Prerequisites
This lab should be done after the talk MPI Collective Communication II. You should complete the MPI Basics exercise before starting this lab.
To learn or reference the syntax of MPI calls, access the Message Passing Interface Standard at:
http://www-unix.mcs.anl.gov/mpi/ or the MPIPro routines
Overview
This lab will give you the opportunity to modify a code to exploit the advanced collective communication features of MPI. You will use the MPI_Scatterv routine to distribute initial data among processors, where the number of data points does not divide evenly by the number of processors. This is a typical instance in which a "plain" MPI_Scatter call does not quite have the functionality to accomplish what is desired. Then you will modify the code again, using the MPI_Gatherv routine to collect the final output data prior to writing the data to a file.
Exercise
Before You Begin
Copy all lab files found in
H:\VWlabs\MPI\Collective2\
to your home directory (or subdirectory) on H:, e.g.
copy H:\VWlabs\MPI\Collective2\* H:\Users\your_userid\
For the following exercises, compile the programs on a login node. Create a batch file and submit the job(s) to the batch nodes.
Exercise
Input file:
wave_inp.data
Fortran lab files:
wave_mw.f
parameters.h
fwave.mak
Fortran solution files:
wave_mw_vv.f
parameters.h
fwave_vv_out.data (will be obtained after run)
C lab files:
wave_mw.c
cwave.mak
C solution files:
wave_mw_vv.c
cwave_vv_out.data (will be obtained after run)
Output file (to compare C/Fortran results):
wave_vv_out.data
Program Description
Wave_mw implements the concurrent wave equation described in Chapter 5 of Fox et al. (1988) utilizing a master-worker model. It calculates the amplitude of points along a vibrating string for a specified number of time intervals. The equation it solves is:
newval[i] = (2.0 * values[i]) - oldval[i]
+ (sqtau * (values[i-1] - (2.0 * values[i]) + values[i+1]));
"i" indicates the point on the line. The values array holds the current amplitudes. Note that the new amplitude for the point will depend on the current values at neighboring points.
The decomposition can be viewed as:
Each task is assigned a contiguous block of points ("block" decomposition). Each task has all the data needed to update its interior points. To update its endpoints, the task must receive values for the points bordering the block (boundary values) from the tasks that "own" them. It must also send the values of its own endpoints to these tasks. Non-blocking sends (followed by a call to MPI_Wait) and blocking receives are used for this communication. Thus, the main computational loop exchanges endpoints and updates amplitudes.

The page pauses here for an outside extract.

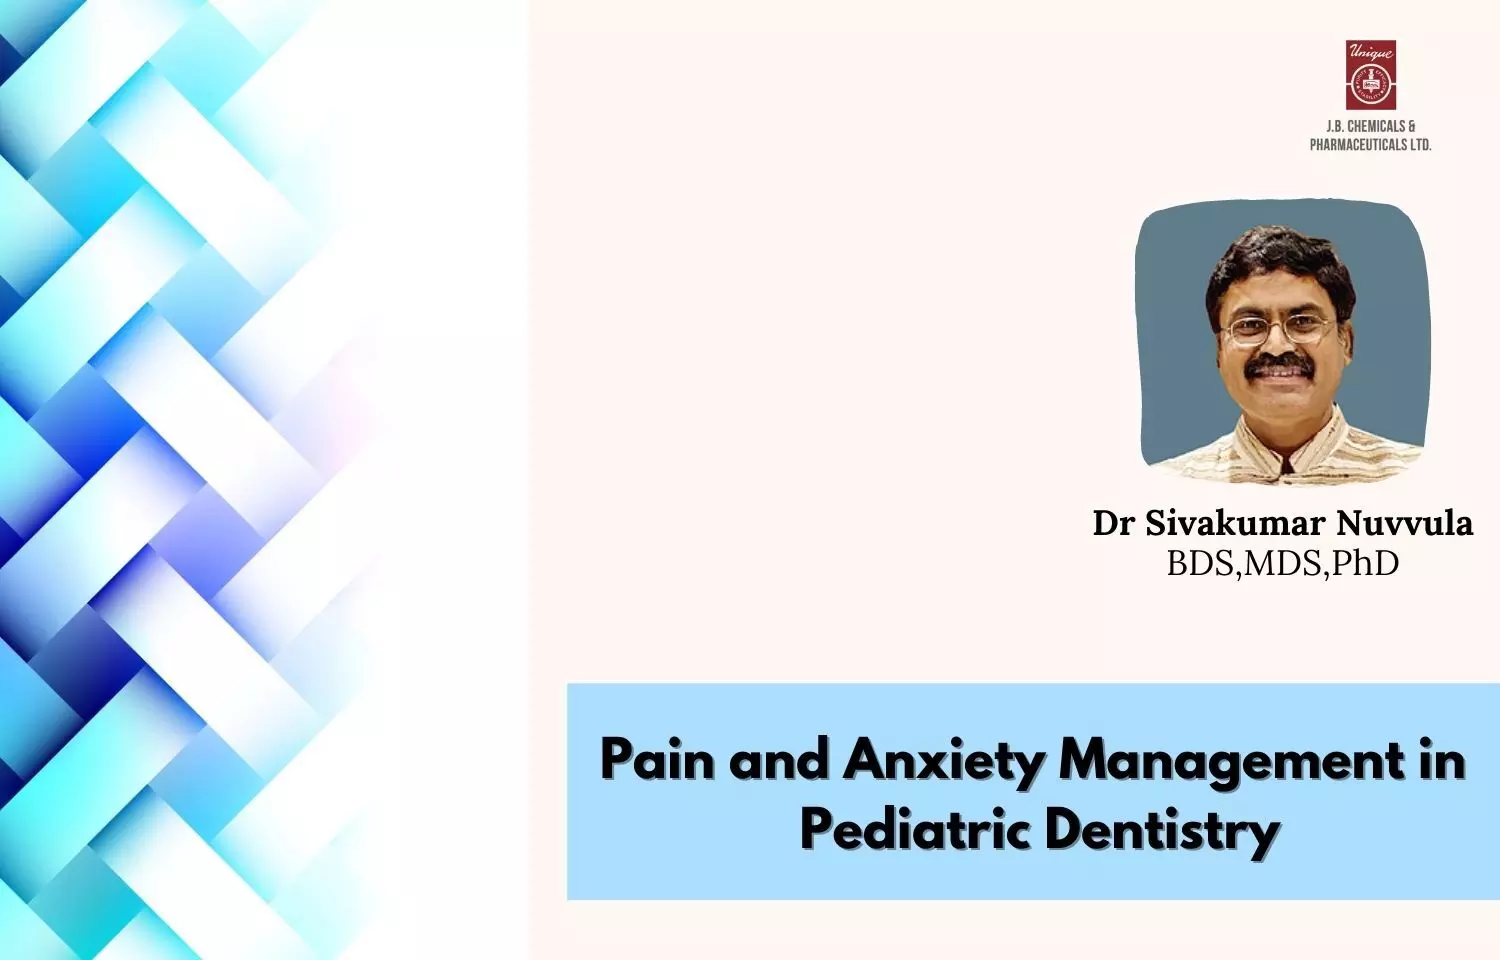 Pain and Anxiety Management in Pediatric Dentistry

Modifying the Code to Use Scatterv and Gatherv
In the present implementation of wave_mw, the master task reads the initial amplitudes from a file. Blocks of data must be distributed to workers. Similarly, at the end of the run, the updated data must be collected on the master for writing to a file. These steps are the focus of this lab.

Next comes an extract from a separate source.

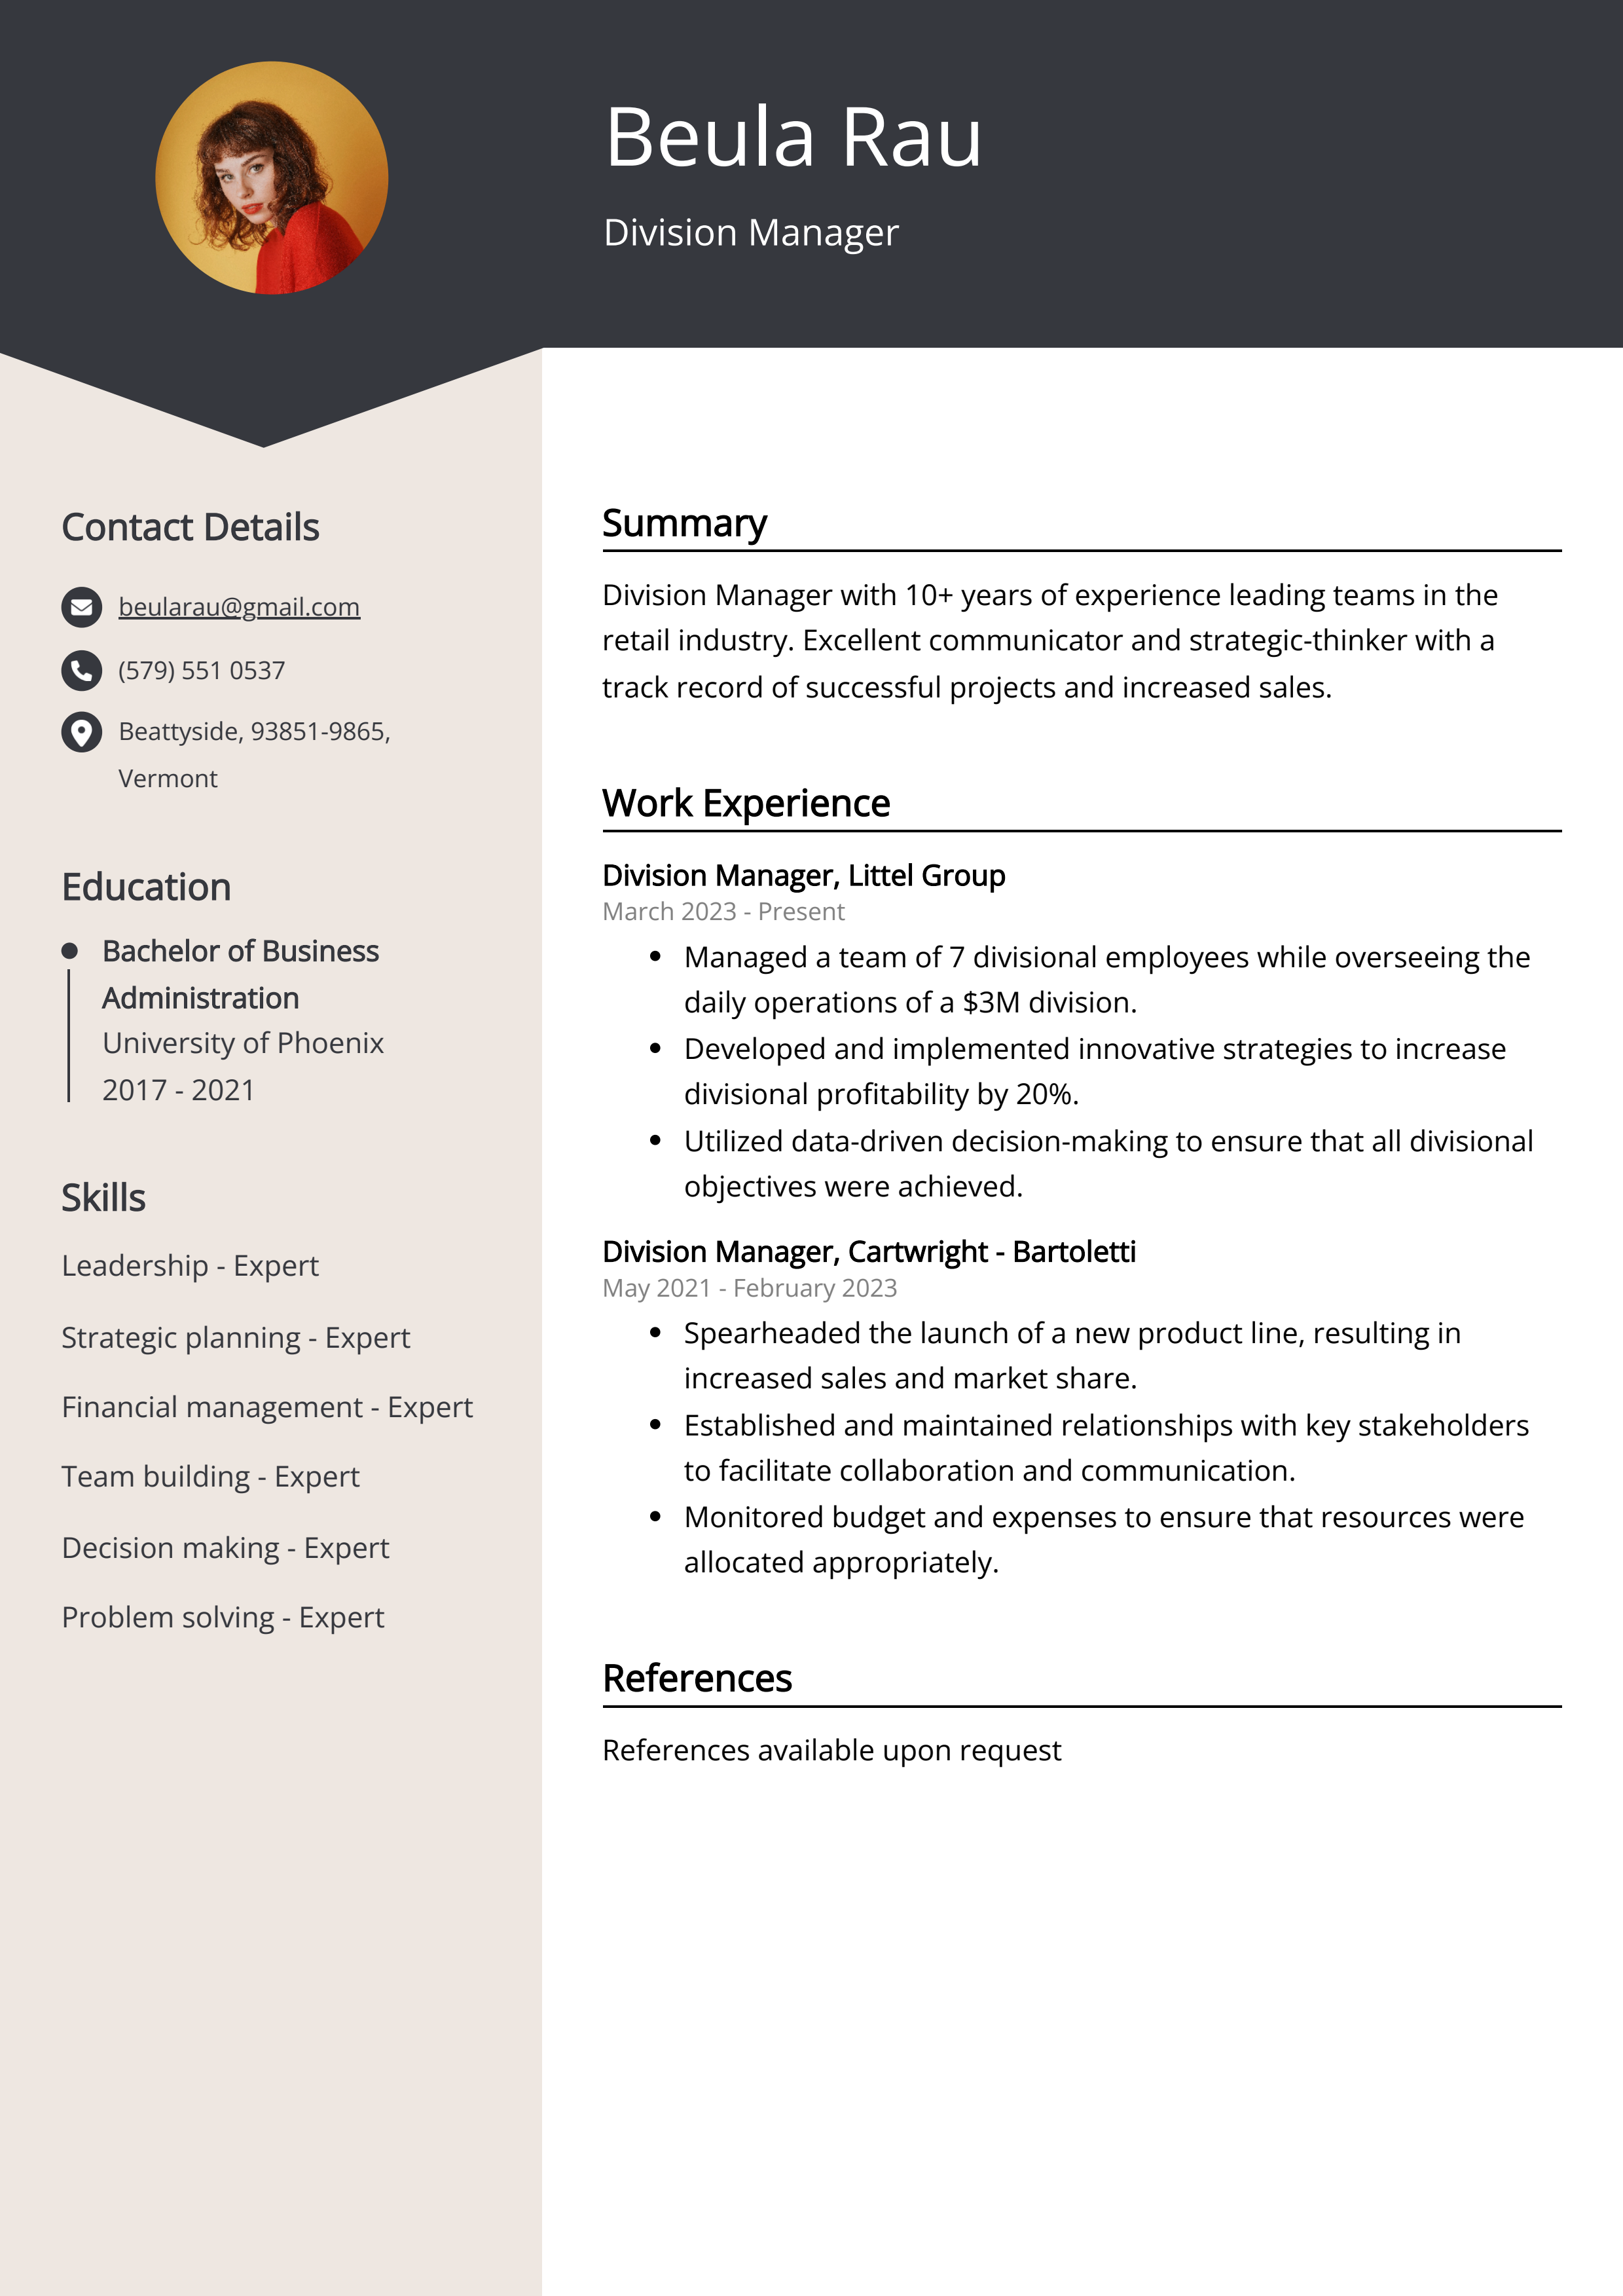 Division Manager Resume Example

The outline below shows the wave_mw program structure. The selection boxes identify changes that must be made to specific subroutines. These subroutines contain comments that provide information on how to proceed. In addition, you may want to refer to the code fragment presented in the MPI Collective Communication II talk.
- begin program
- learn number of tasks and rank (main program)
- if master: get program parameters and initial data (get_data)
- broadcast program parameters (get_data)
- distribute initial data
- distribute_dataFirst, calculate for each task:* number of points assigned* displacement in data array of first point assignedThen call scatterv
-
-
- update values (update)
-
-
- collect results
- collect_dataCall gatherv
- if master: store results (out_master)
- end
Compile and run the modified program wave_mw_vv.exe on 2-8 processors. Remember, you must copy the input file wave_inp.data into your local directory space.
The code prints out several values for validation. The correct values are:
1: .00 11:-.20 21:-.32 31:-.32 41:-.19 51: .01
61: .21 71: .32 81: .31 91: .18 100: .00
The resulting output file, cwave_vv_out.data or fwave_vv_out.data, can be compared (using diff) to the generic output file (wave_vv_out.data) in the lab directory to give additional confirmation that the code is running correctly.
References
Fox, G. et al. (1988) Solving Problems on Concurrent Processors, vol. 1. Prentice Hall.
Solution
Cleanup
When you are done running programs, delete your subfolder on the T: drives. End your batch job with ccrm or ccrelease. You may also wish to delete any files you copied from the VWlabs folder into your space on H:.